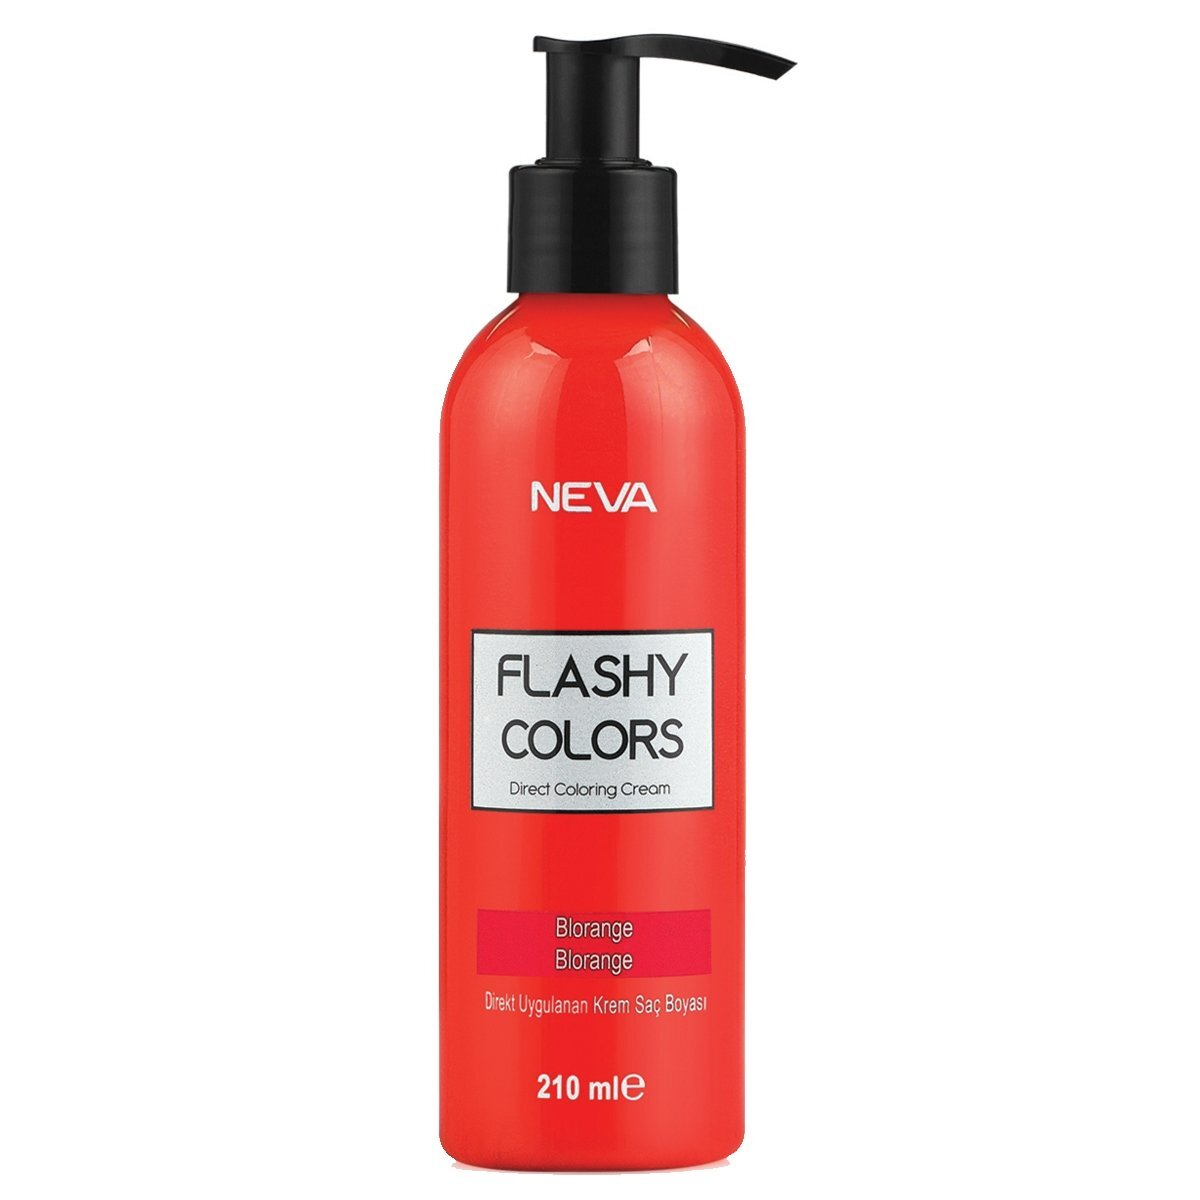 Flashy Colors Yarı Kalıcı Saç Boyası Blorange
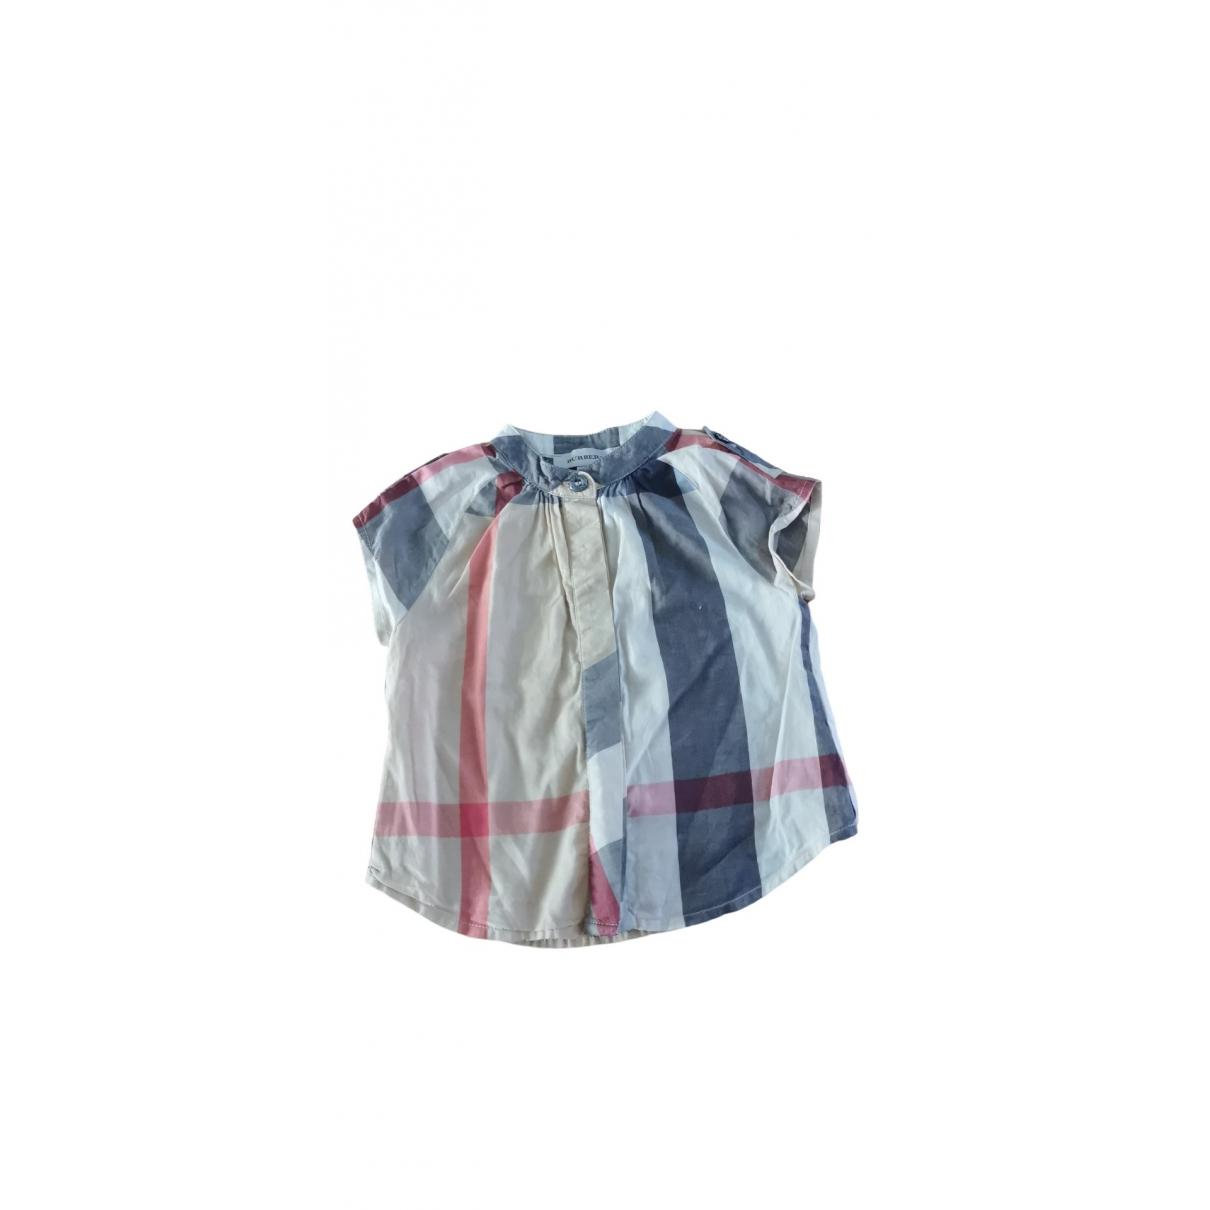 Burberry - Top   pour enfant en coton - multicolore
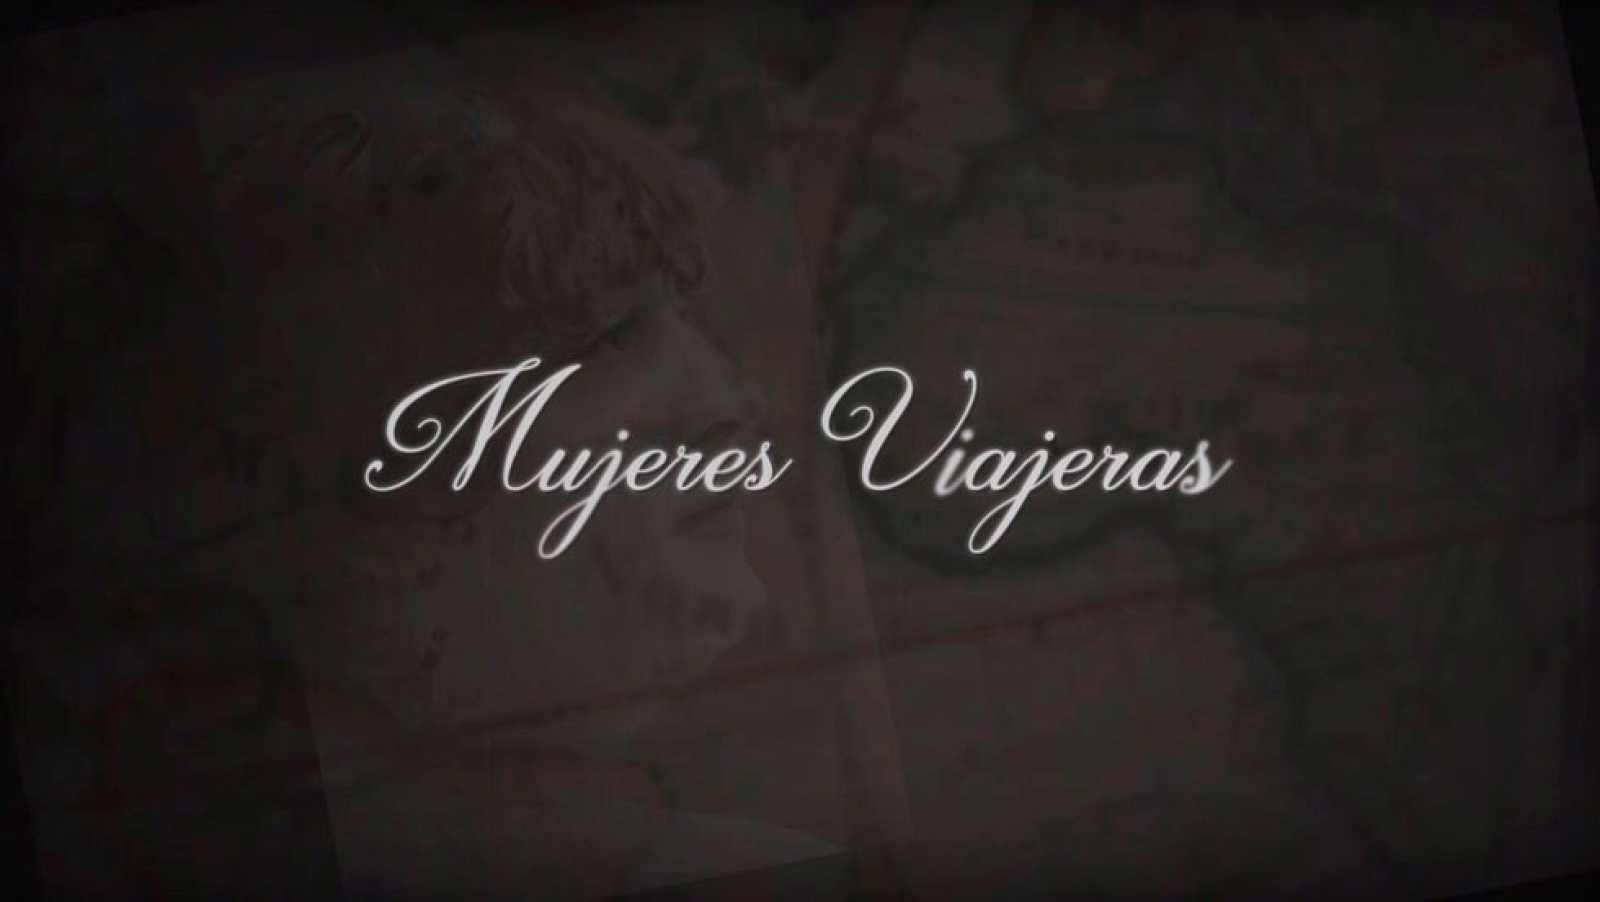 Mujeres Viajeras - Cabecera de la serie
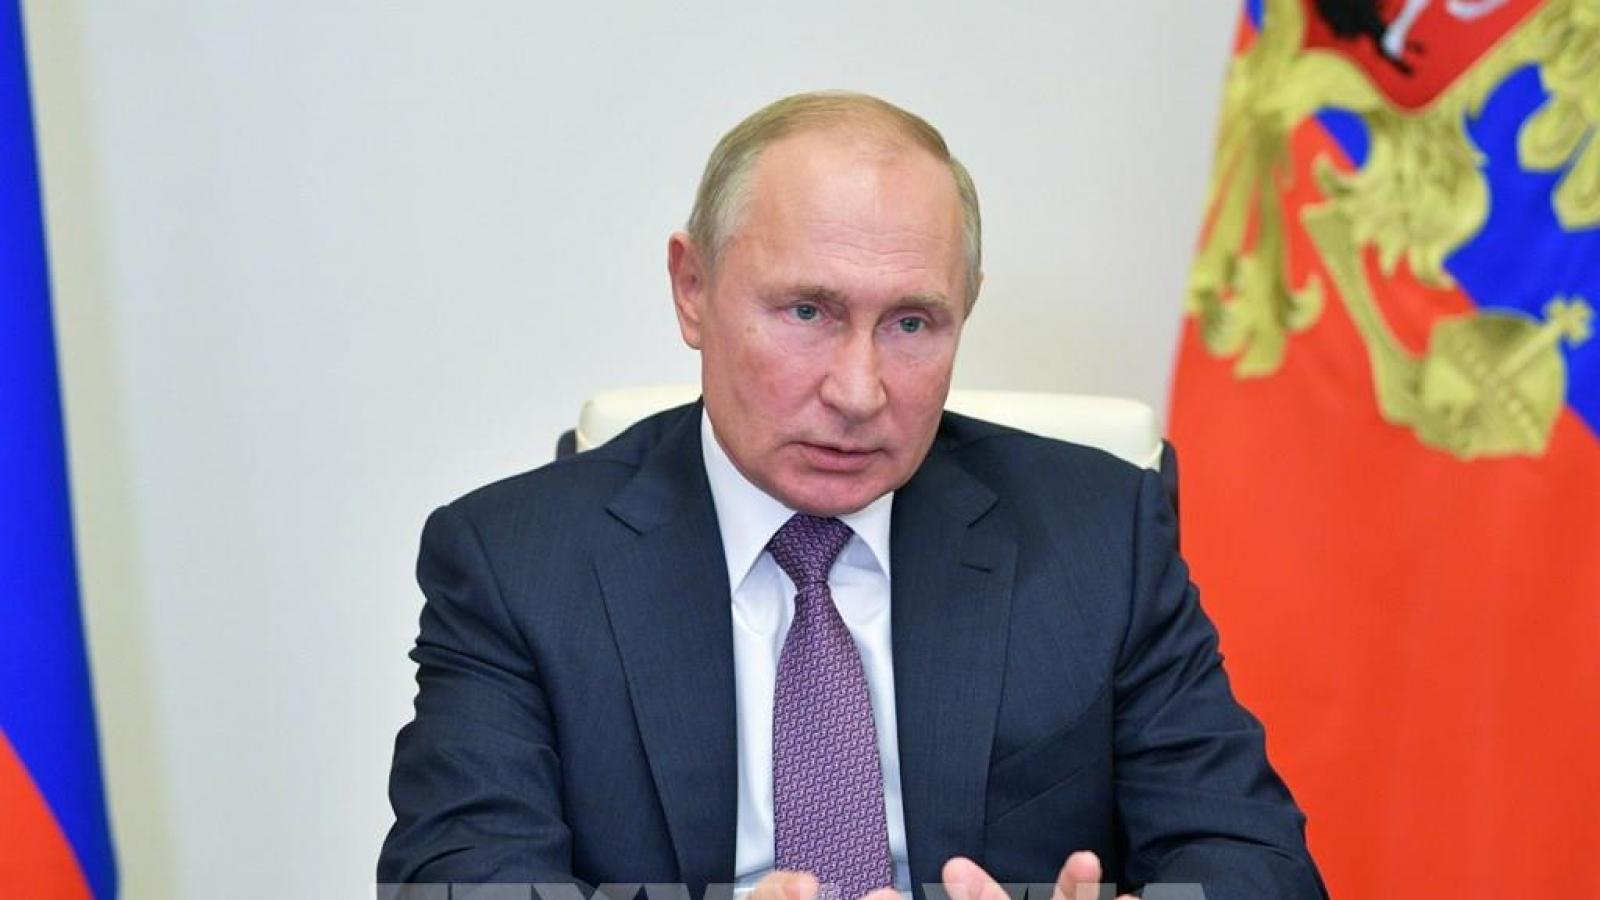 Diễn đàn Kinh tế Quốc tế St.Petersburg 2021 sẽ được tổ chức trực tiếp
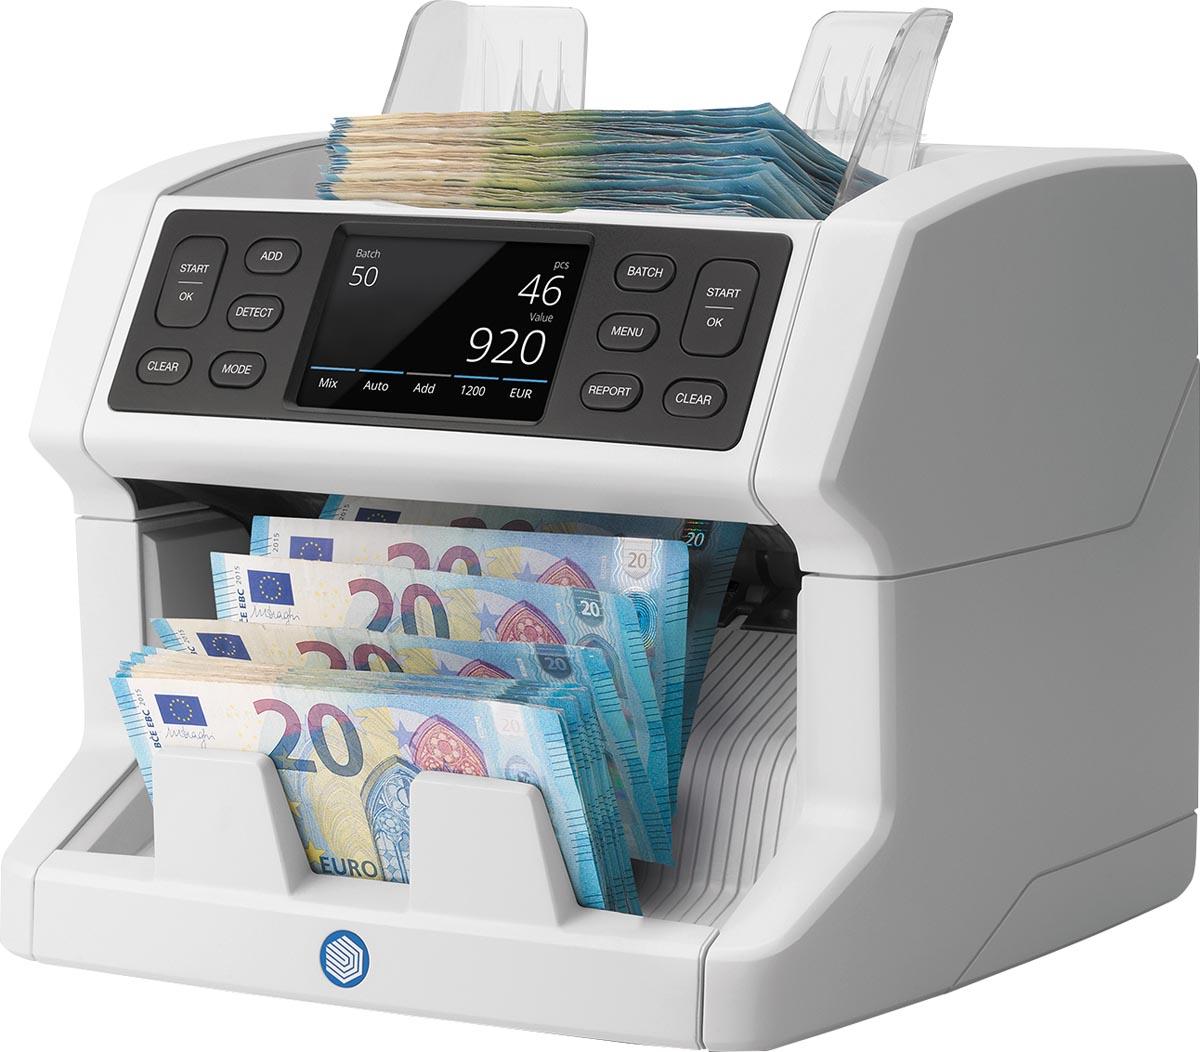 Safescan biljettelmachine 2850, met 3-voudige detectie
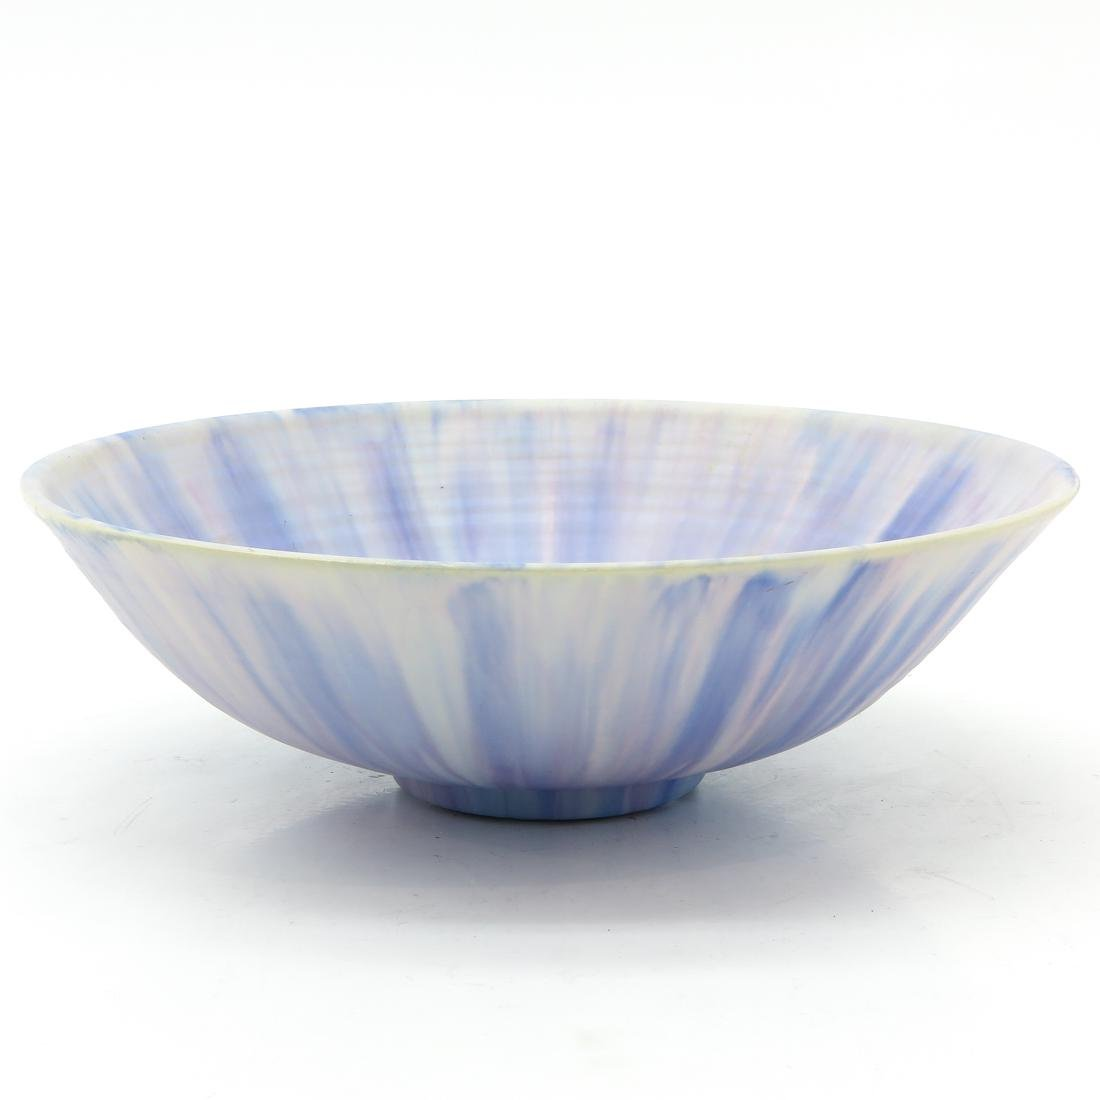 Tessa Braat Bowl - 2
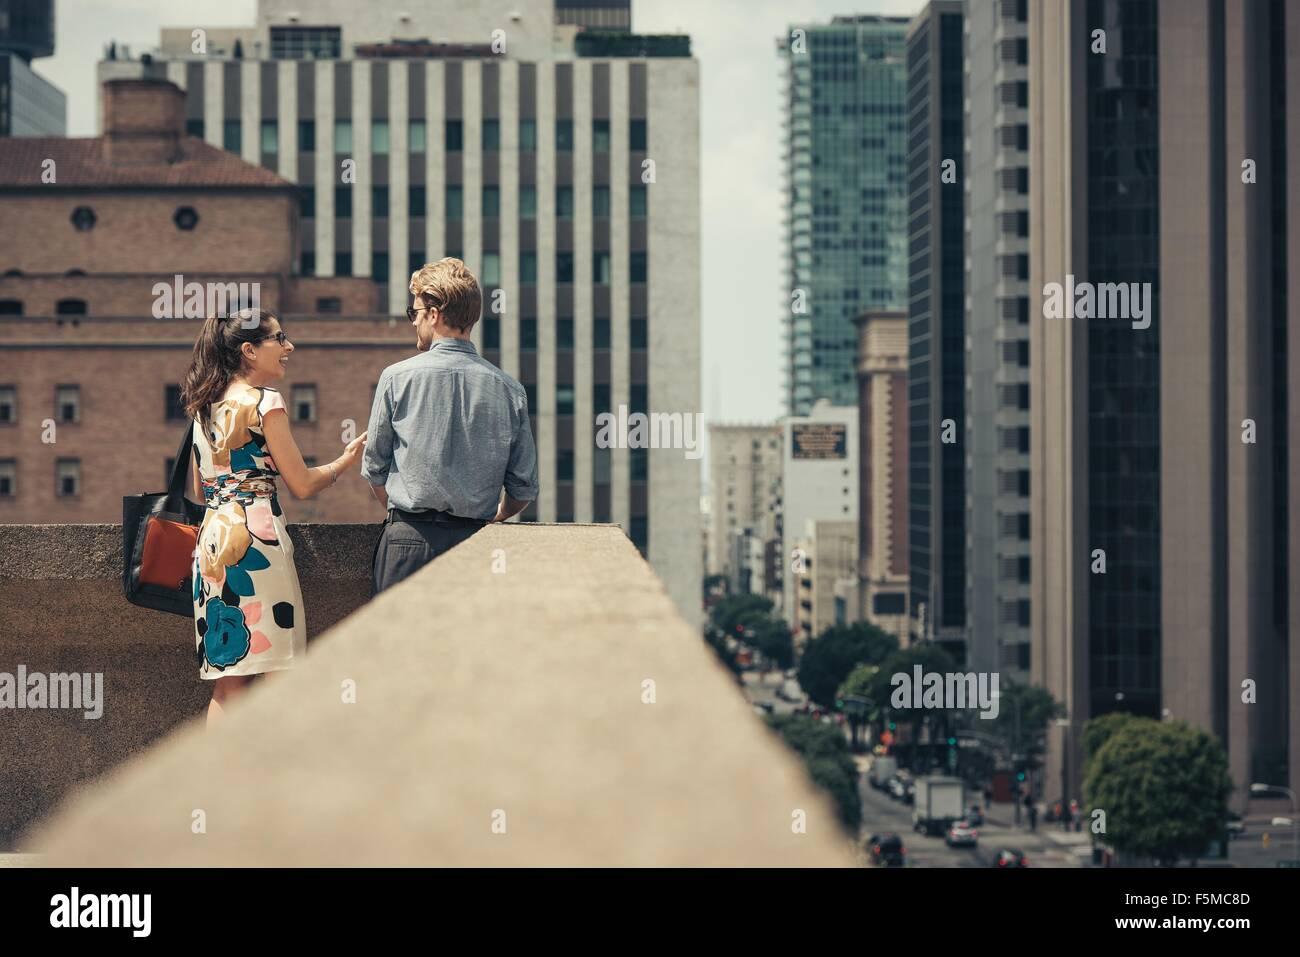 Empresario y mujer hablando en la azotea, Los Angeles, EE.UU. Imagen De Stock

Task details:
Write out the records above exactly. Pictures do not belong in the copy.

Response area:
 Flashy Colors Yarı Kalıcı Saç Boyası Blorange
 Burberry - Top   pour enfant en coton - multicolore
 Mujeres Viajeras - Cabecera de la serie
 Diễn đàn Kinh tế Quốc tế St.Petersburg 2021 sẽ được tổ chức trực tiếp
 Safescan biljettelmachine 2850, met 3-voudige detectie
 Tessa Braat Bowl - 2
 Empresario y mujer hablando en la azotea, Los Angeles, EE.UU. Imagen De Stock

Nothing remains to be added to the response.